Print the data exactly as written, line for line, and leave its pictures behind.

▶ Data
================

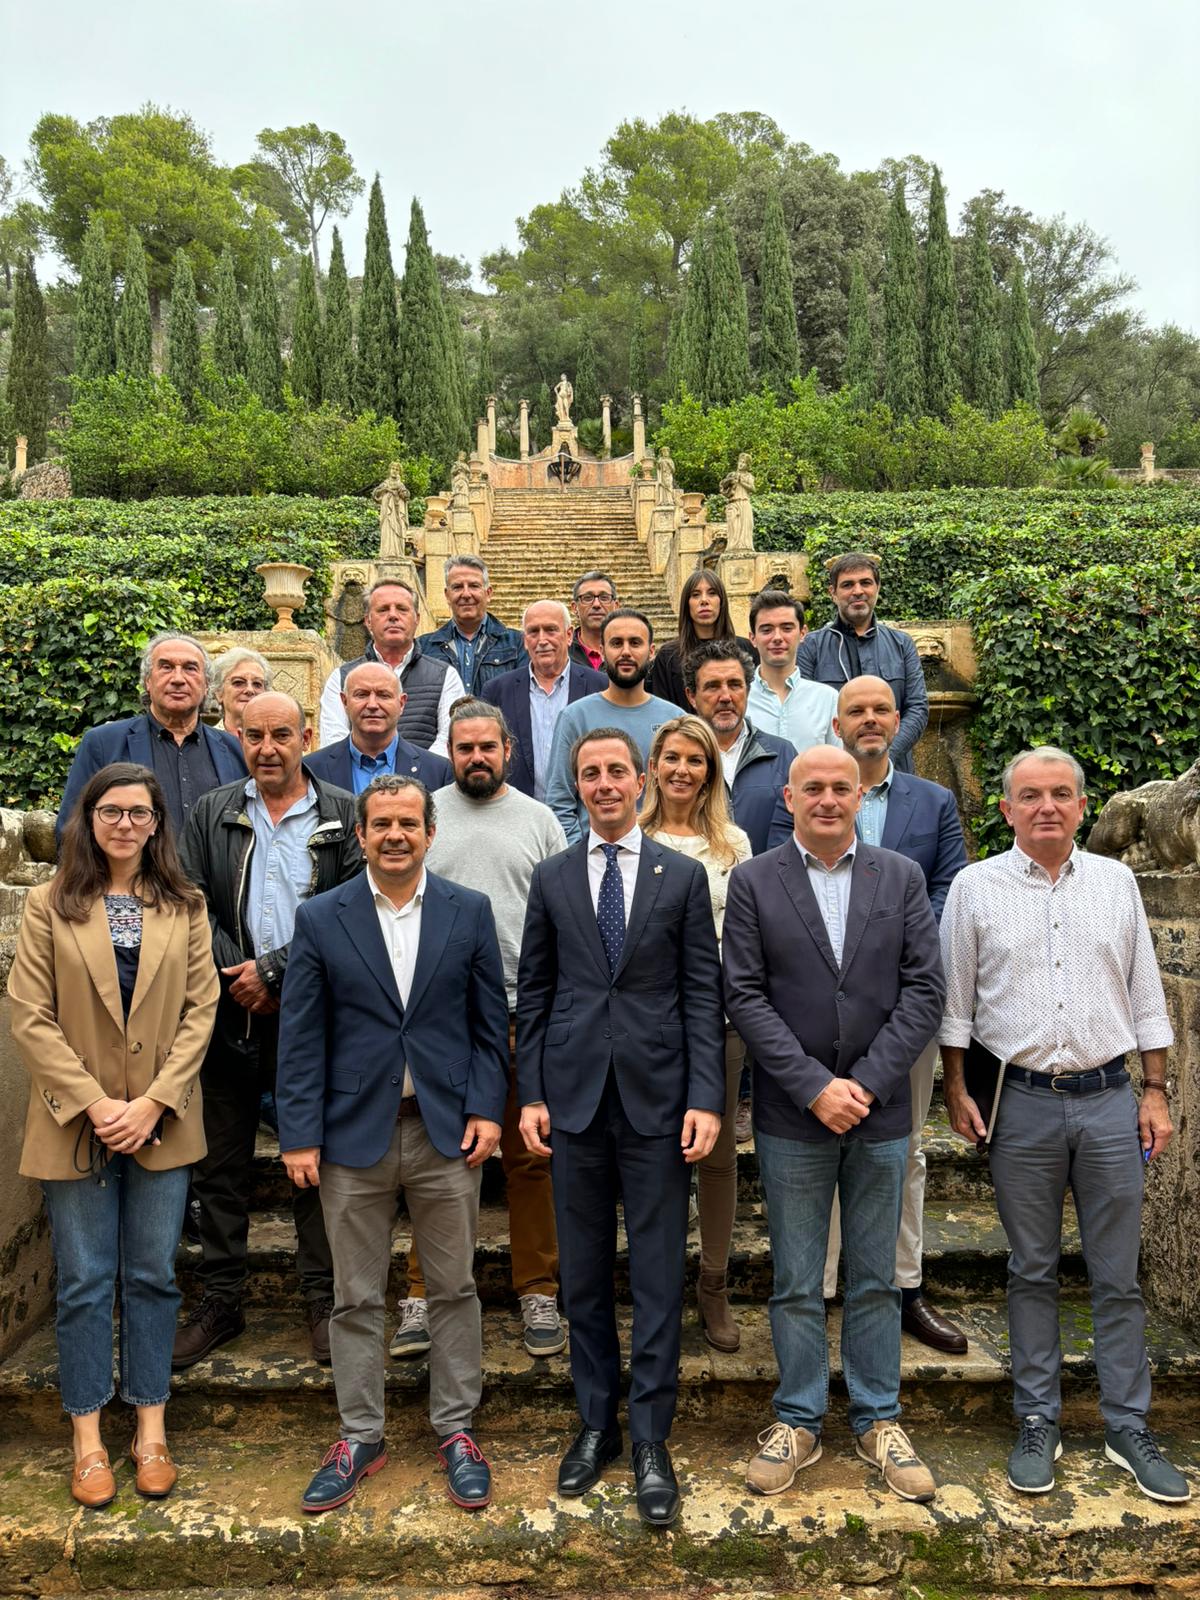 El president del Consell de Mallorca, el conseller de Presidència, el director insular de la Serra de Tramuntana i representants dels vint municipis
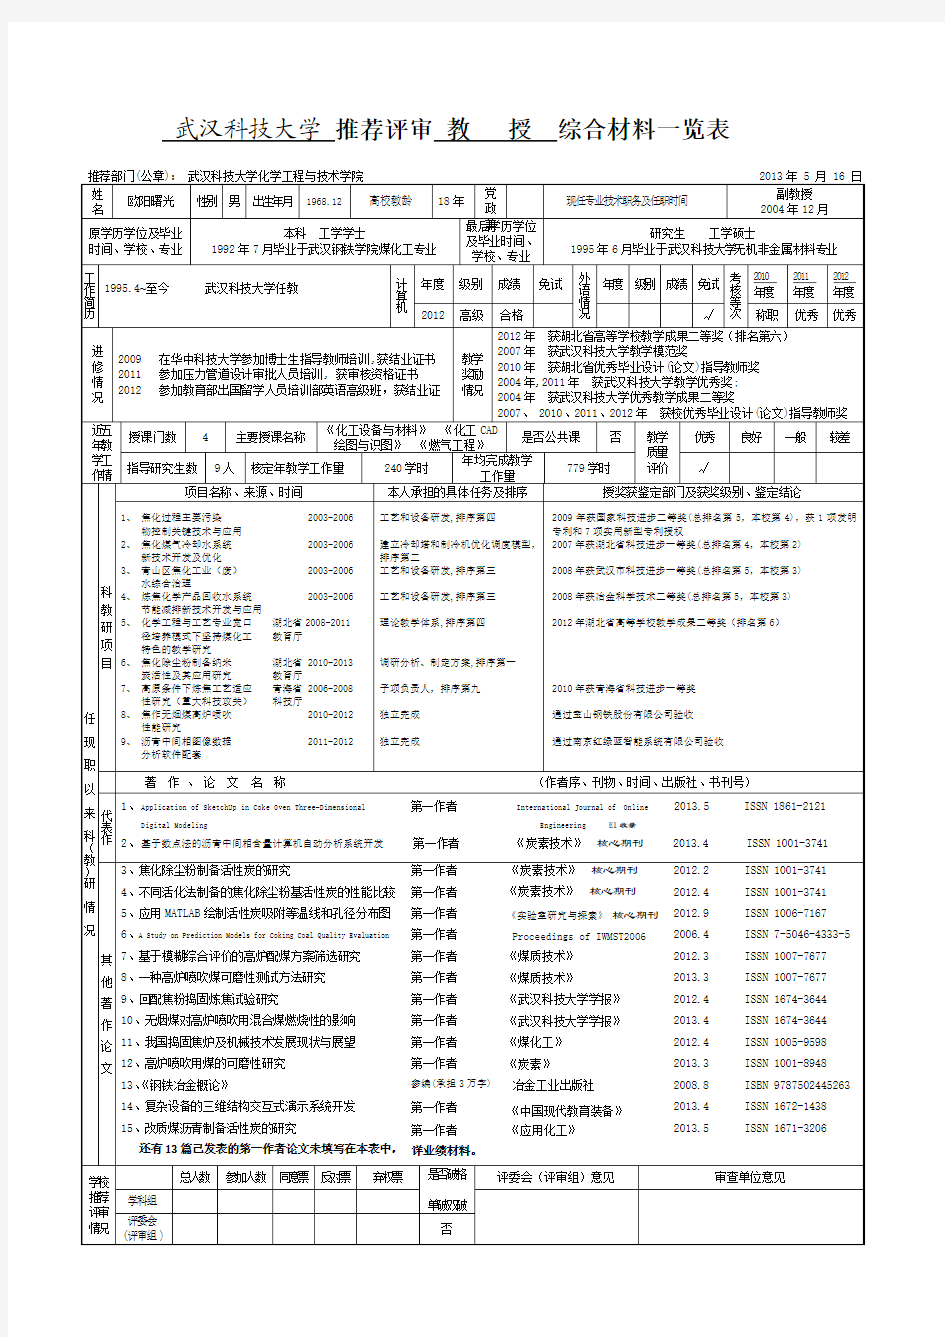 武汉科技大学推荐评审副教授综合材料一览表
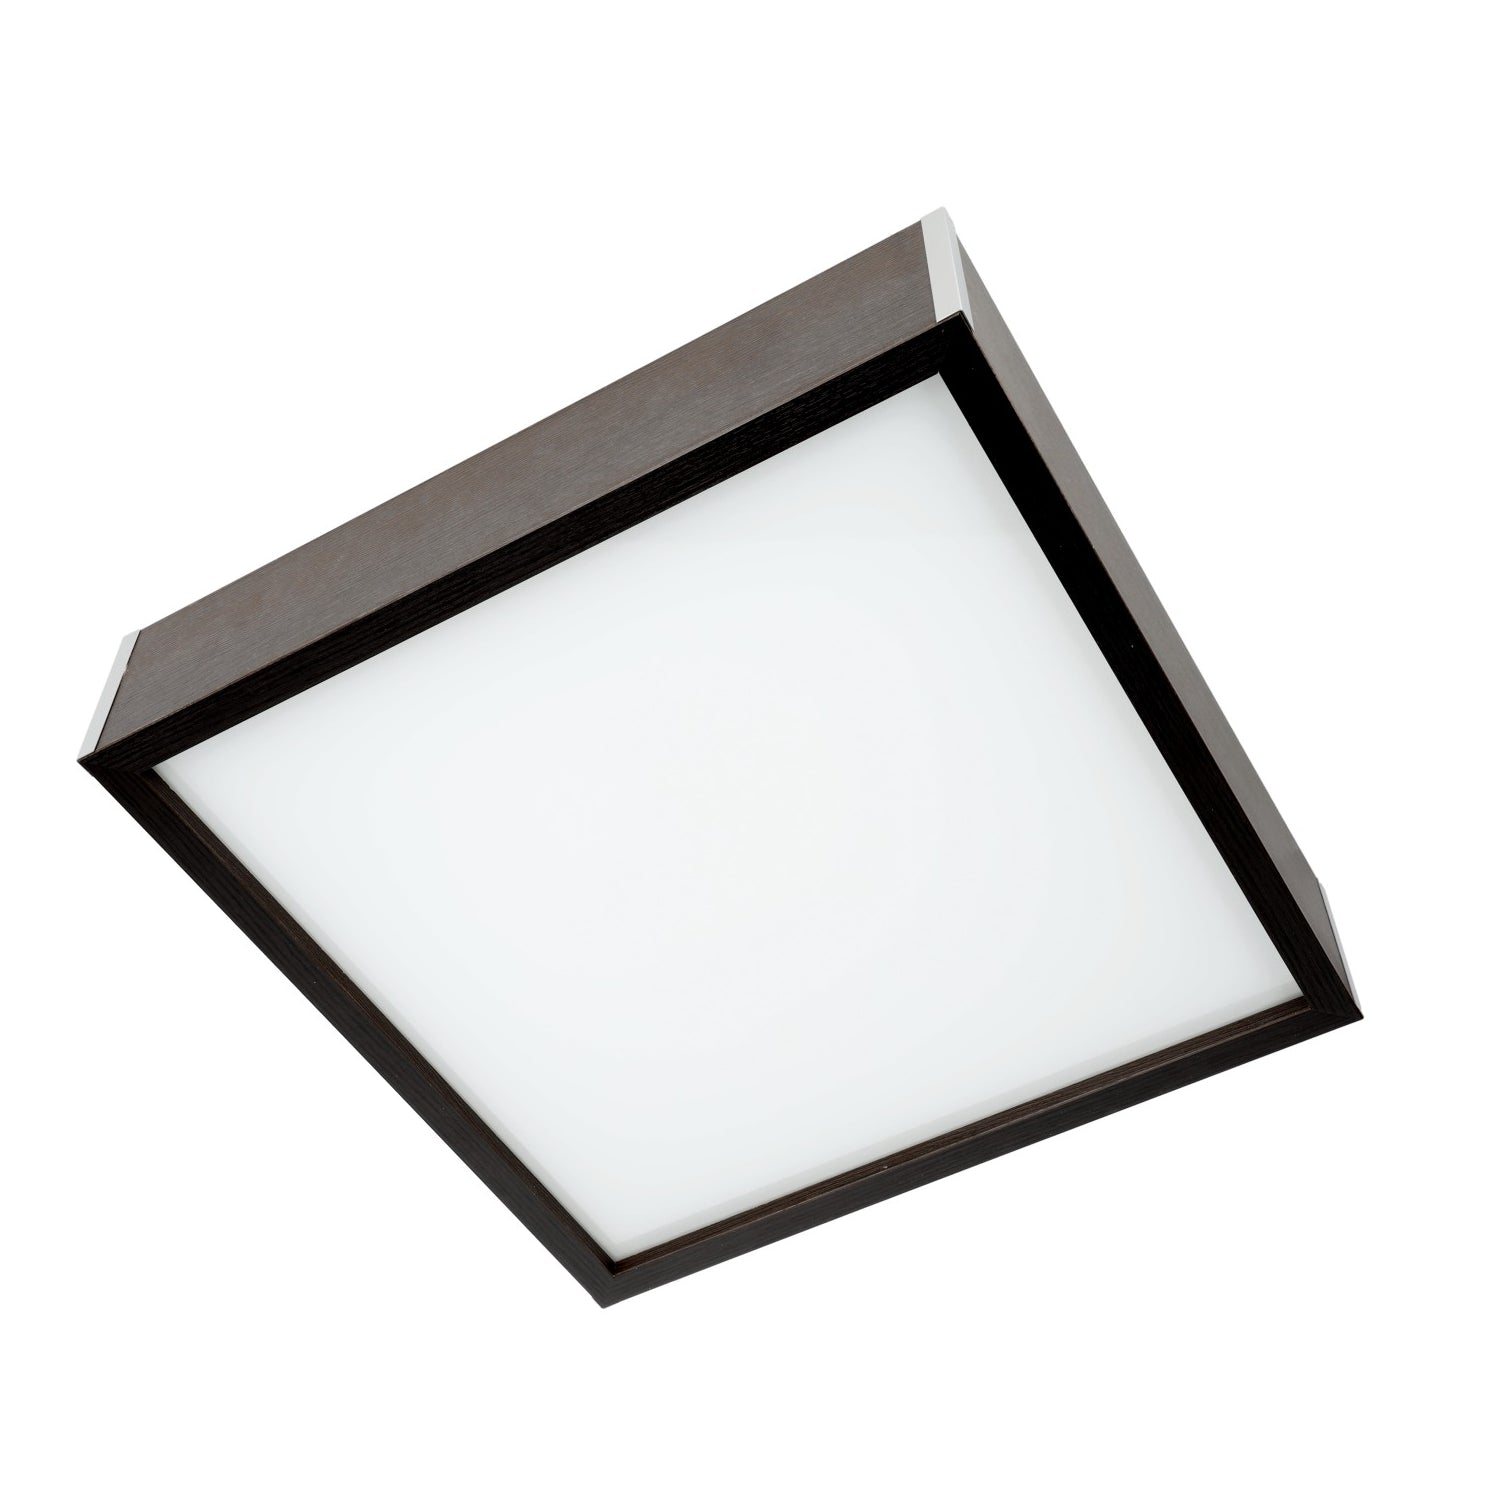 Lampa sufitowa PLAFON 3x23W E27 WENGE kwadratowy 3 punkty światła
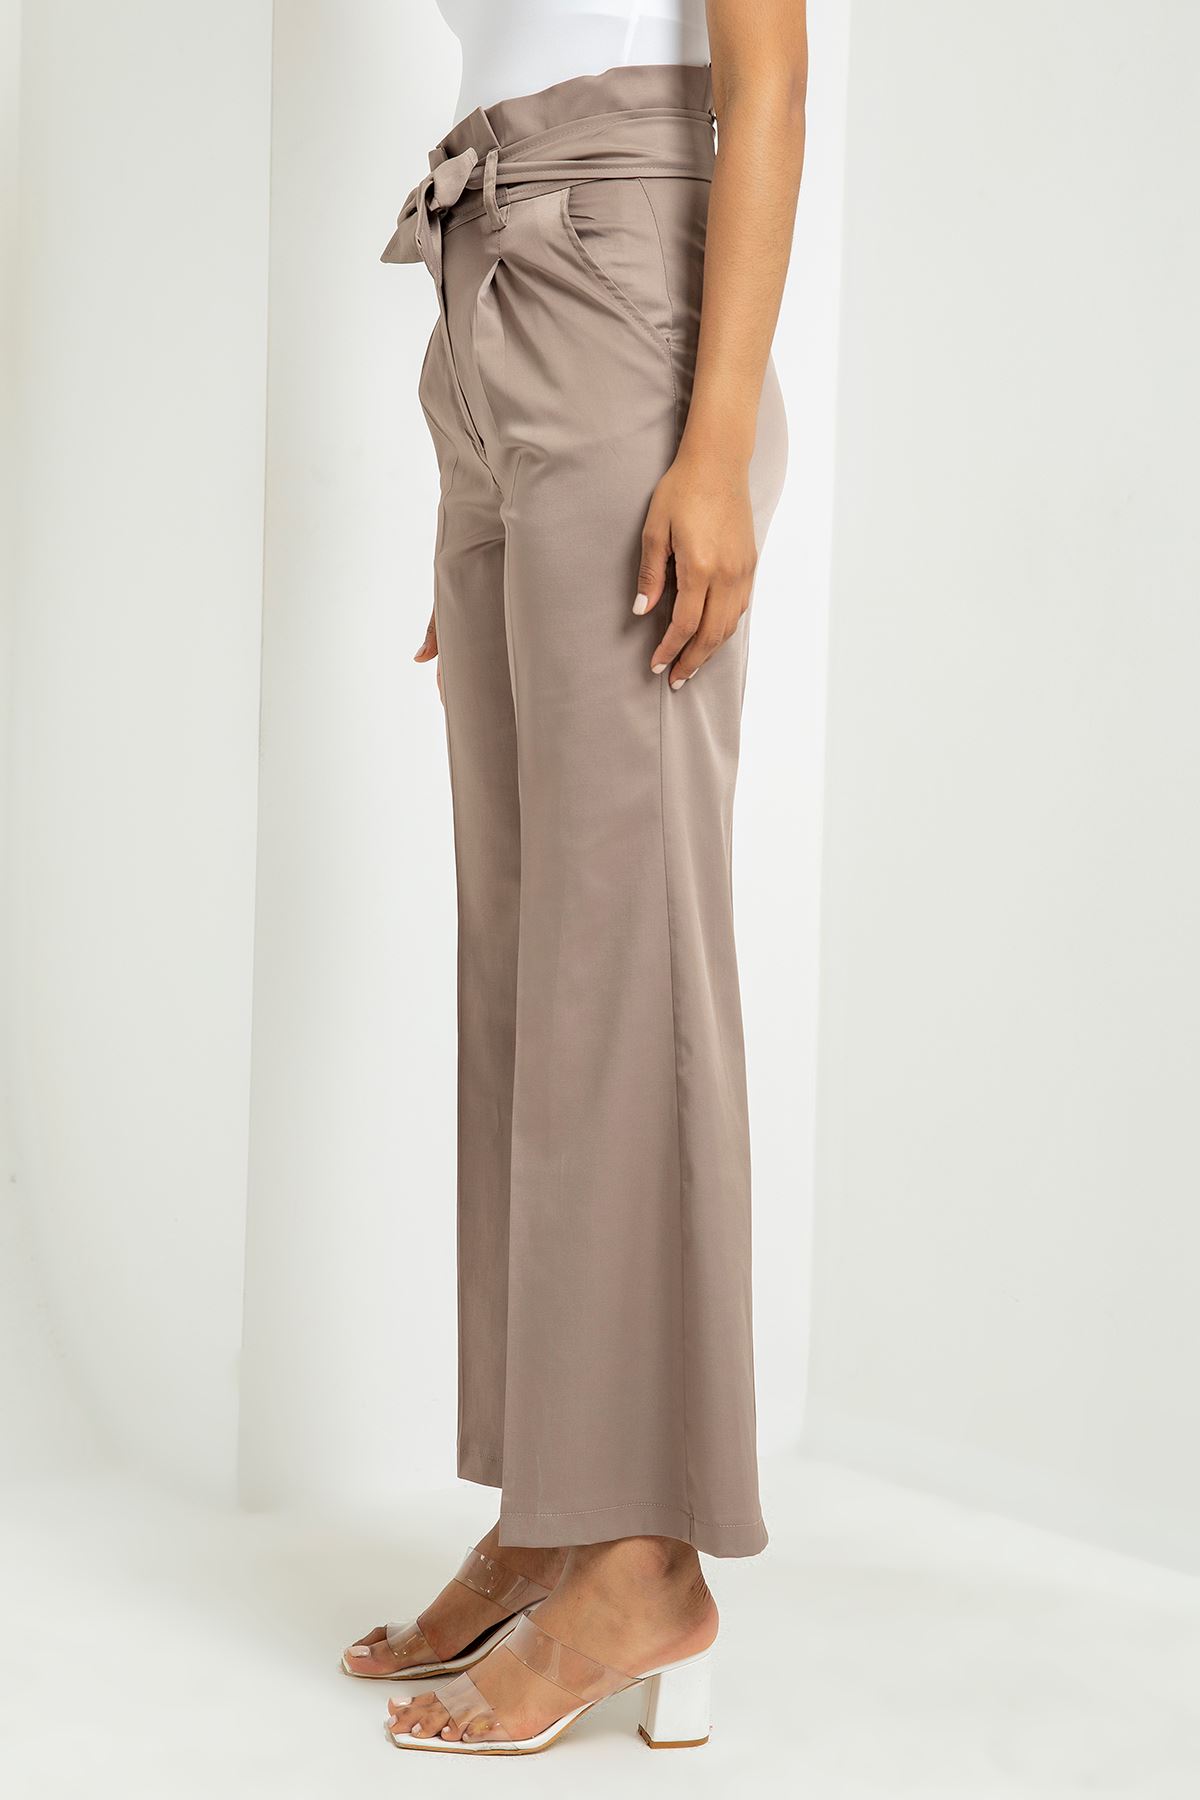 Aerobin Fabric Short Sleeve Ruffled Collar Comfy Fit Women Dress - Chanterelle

================

▶ Exercise output
 El president del Consell de Mallorca, el conseller de Presidència, el director insular de la Serra de Tramuntana i representants dels vint municipis
 武汉科技大学推荐评审副教授综合材料一览表
 Lampa sufitowa PLAFON 3x23W E27 WENGE kwadratowy 3 punkty światła
 Aerobin Fabric Short Sleeve Ruffled Collar Comfy Fit Women Dress - Chanterelle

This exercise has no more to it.